== PROBLEM REQUIREMENTS ==
Repeat the listing exactly, minus the pictures.

== DATASET CONTENT ==
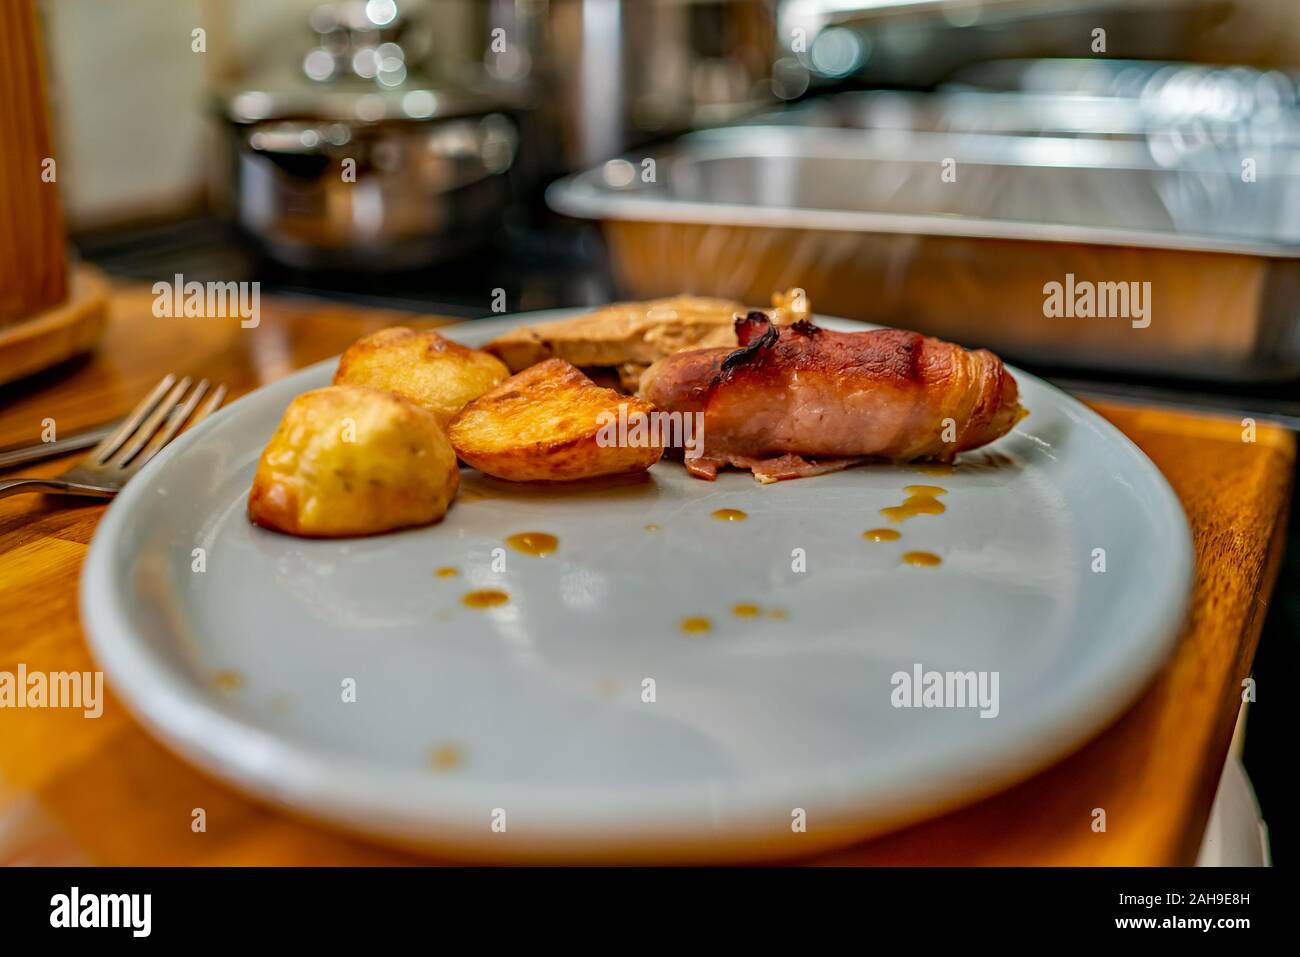 Close up and selective focus of roast potatoes, pig in blanket and roast turkey on a blue oval dinner plate Stock Photo
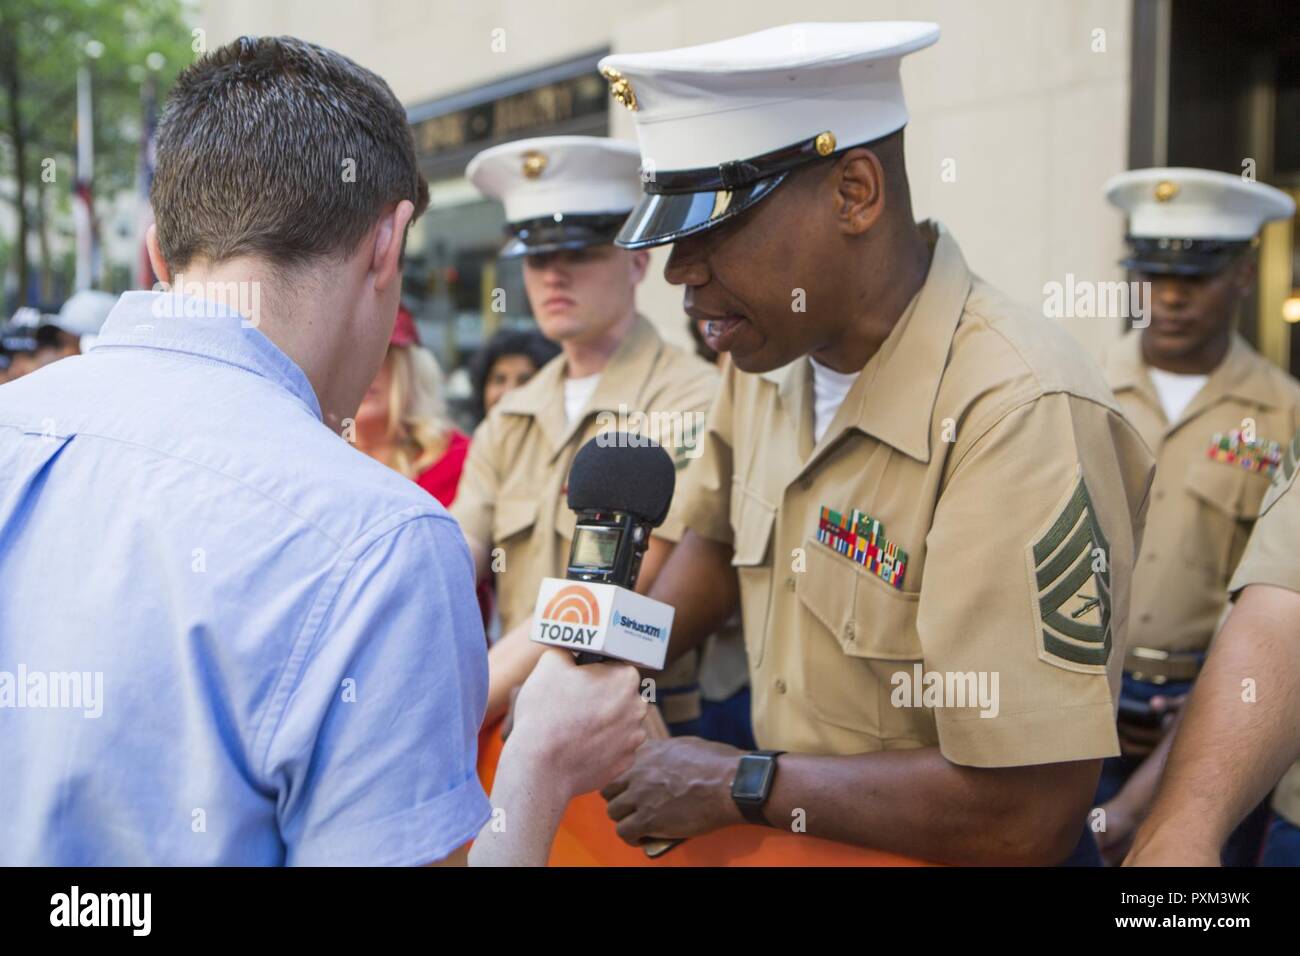 Gunnery Sgt. Justin A. Hauser, enlisted conductor of Marine Corps Band New Orleans, talks with Alex Ficquette, the Rockefeller plaza producer, during the airing of NBC’s Today Show at Rockefeller Center in New York, June 12, 2017. Hauser spoke about the numerous concerts the band is scheduled to perform June 14-16 to celebrate the closing of the yearlong Marine Corps Reserve Centennial celebration. Stock Photo
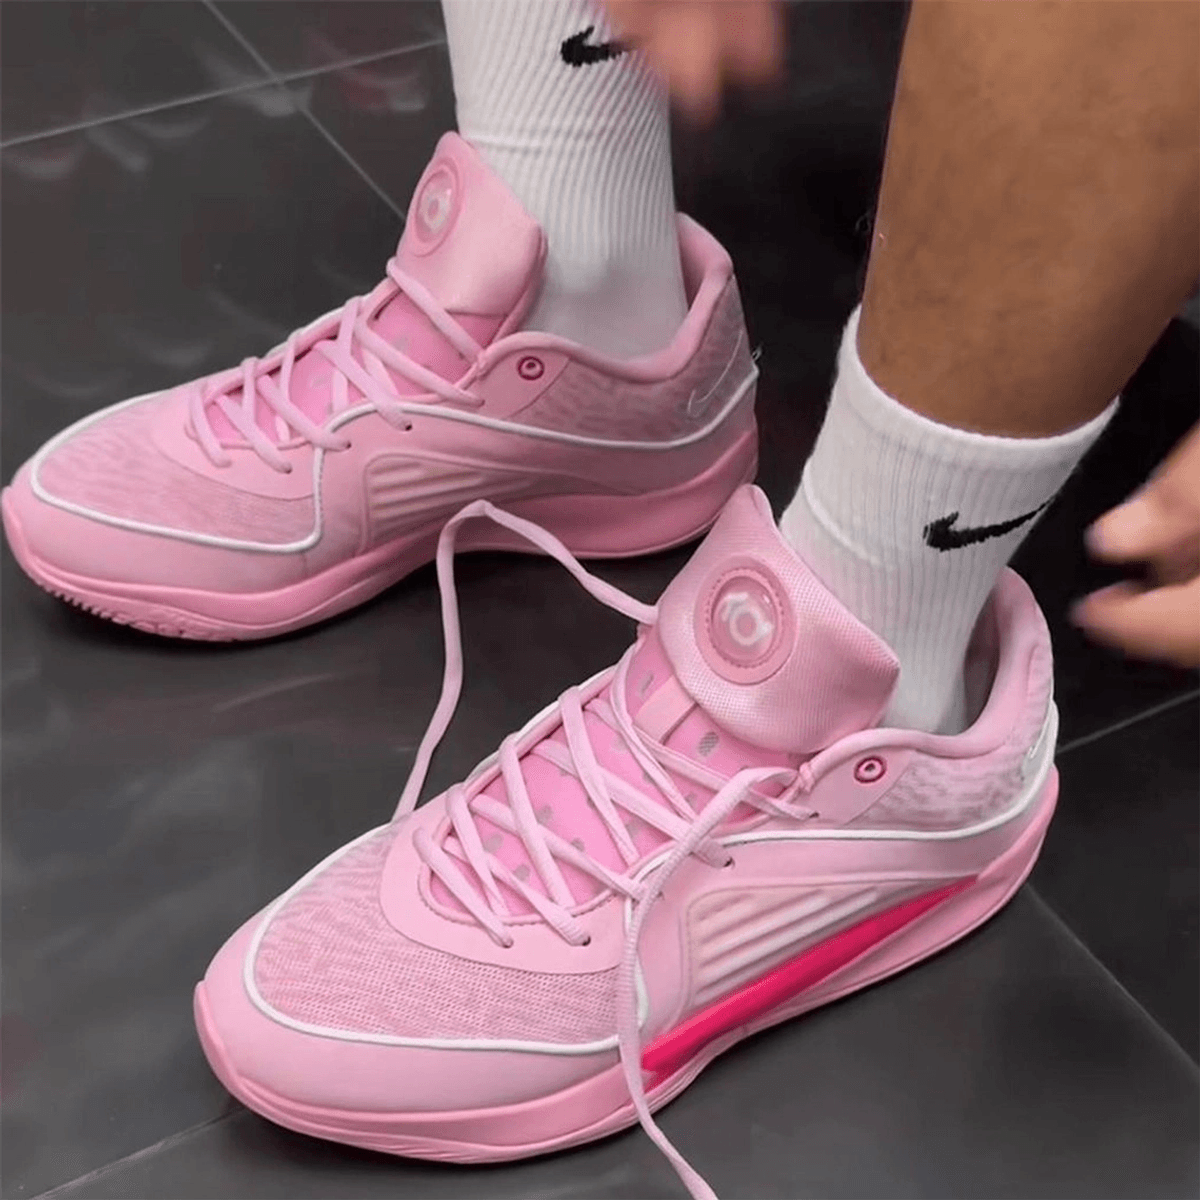 First Look At The Nike KD 16 Aunt Pearl
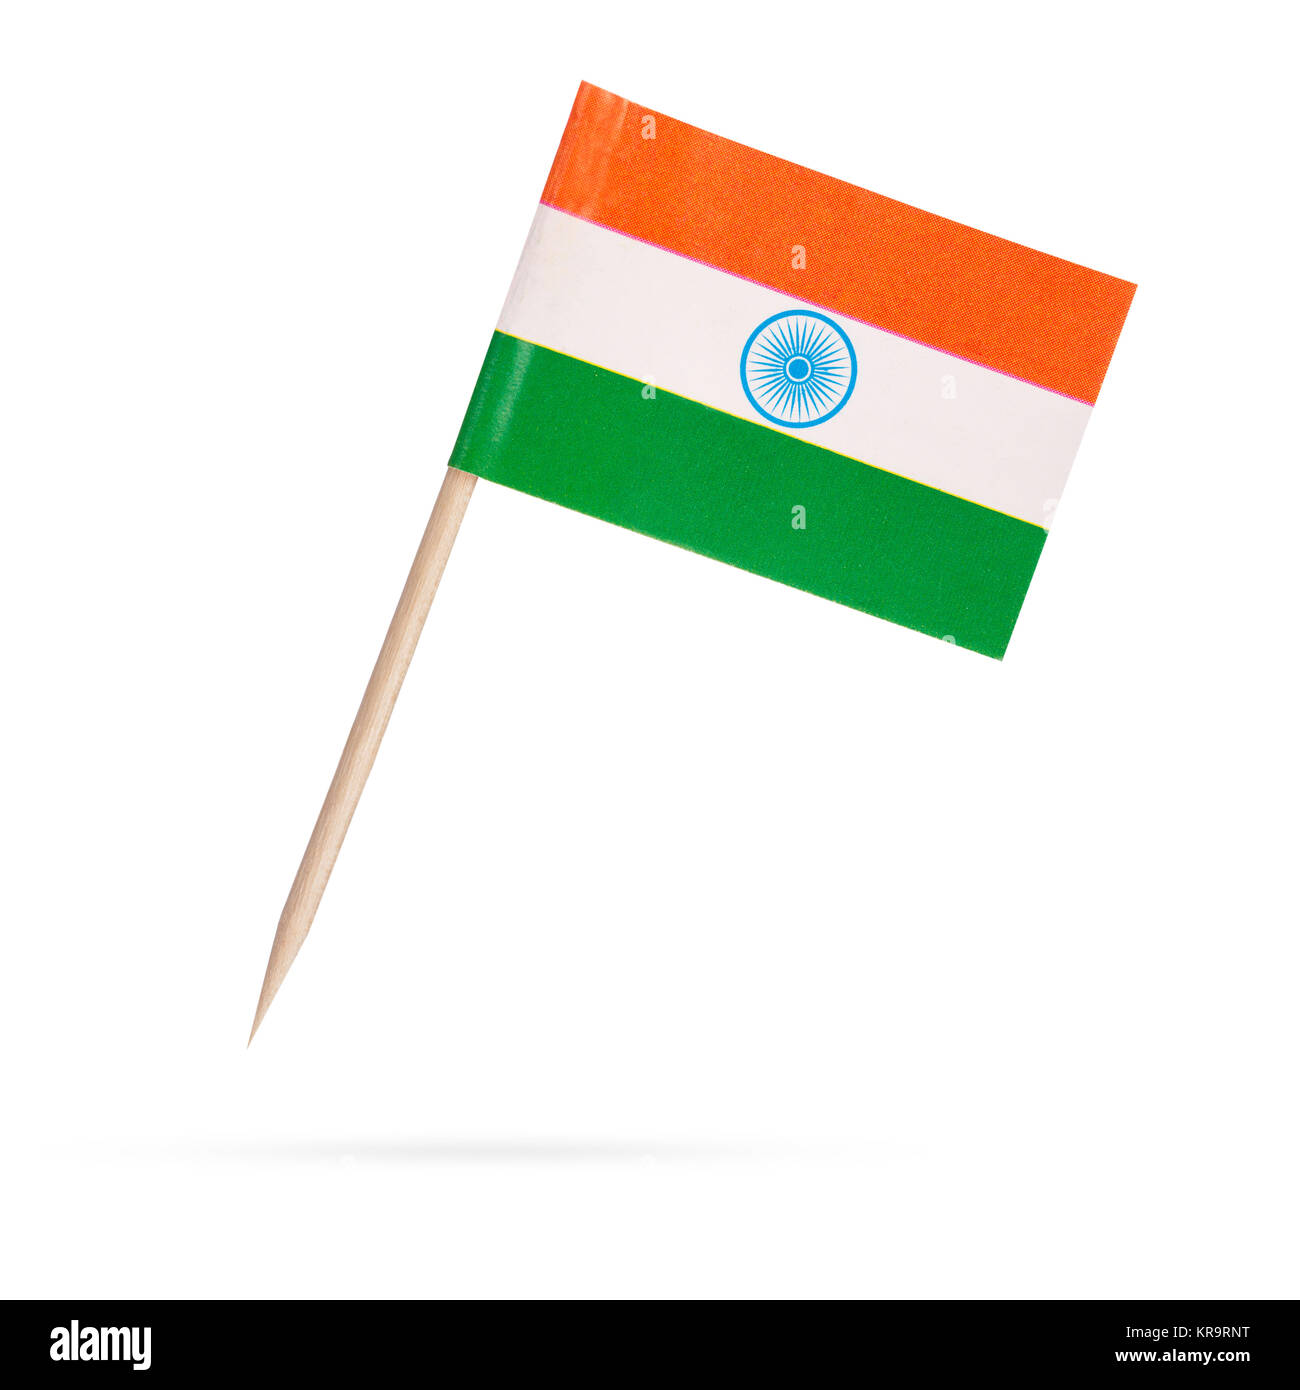 India flag on flag pole Cut Out Stock Images & Pictures - Alamy
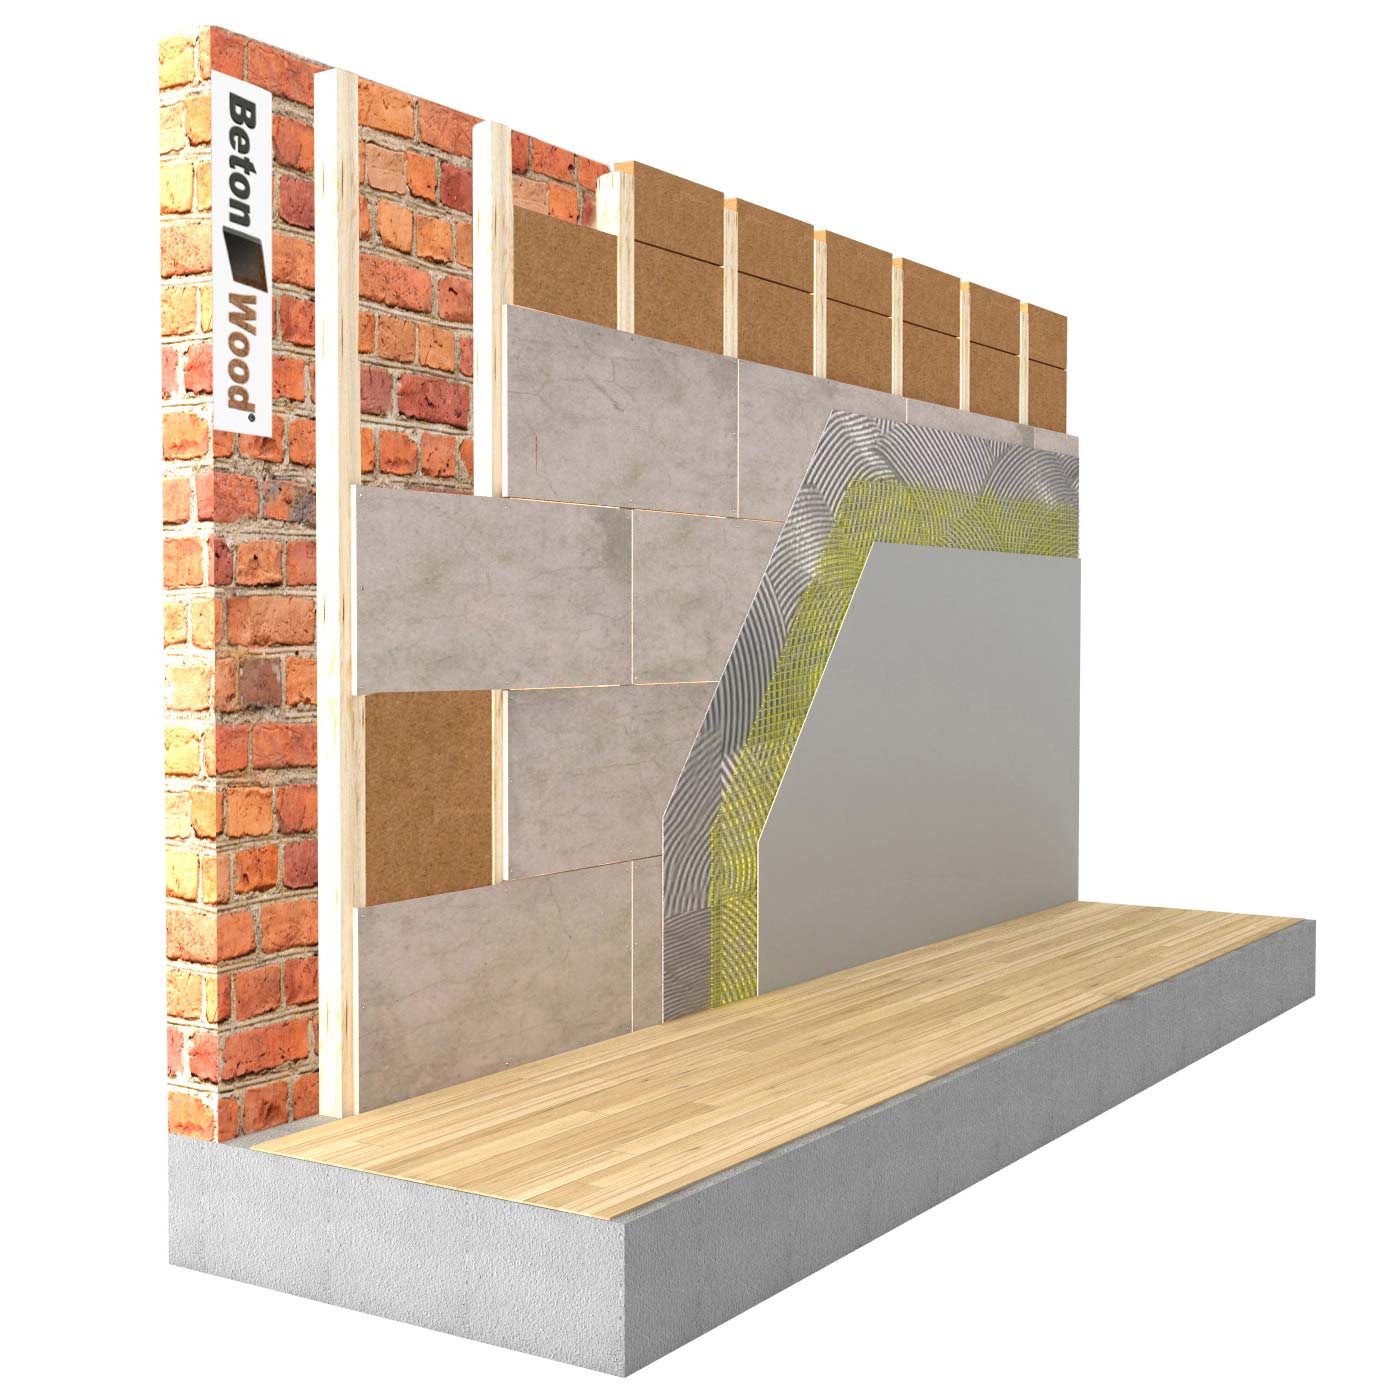 Internal insulation system in Protect dry Fiber wood and cement bonded particle board

== YOUR RESPONSE ==
 Close up and selective focus of roast potatoes, pig in blanket and roast turkey on a blue oval dinner plate Stock Photo
 Gunnery Sgt. Justin A. Hauser, enlisted conductor of Marine Corps Band New Orleans, talks with Alex Ficquette, the Rockefeller plaza producer, during the airing of NBC’s Today Show at Rockefeller Center in New York, June 12, 2017. Hauser spoke about the numerous concerts the band is scheduled to perform June 14-16 to celebrate the closing of the yearlong Marine Corps Reserve Centennial celebration. Stock Photo
 First Look At The Nike KD 16 Aunt Pearl
 India flag on flag pole Cut Out Stock Images & Pictures - Alamy
 Internal insulation system in Protect dry Fiber wood and cement bonded particle board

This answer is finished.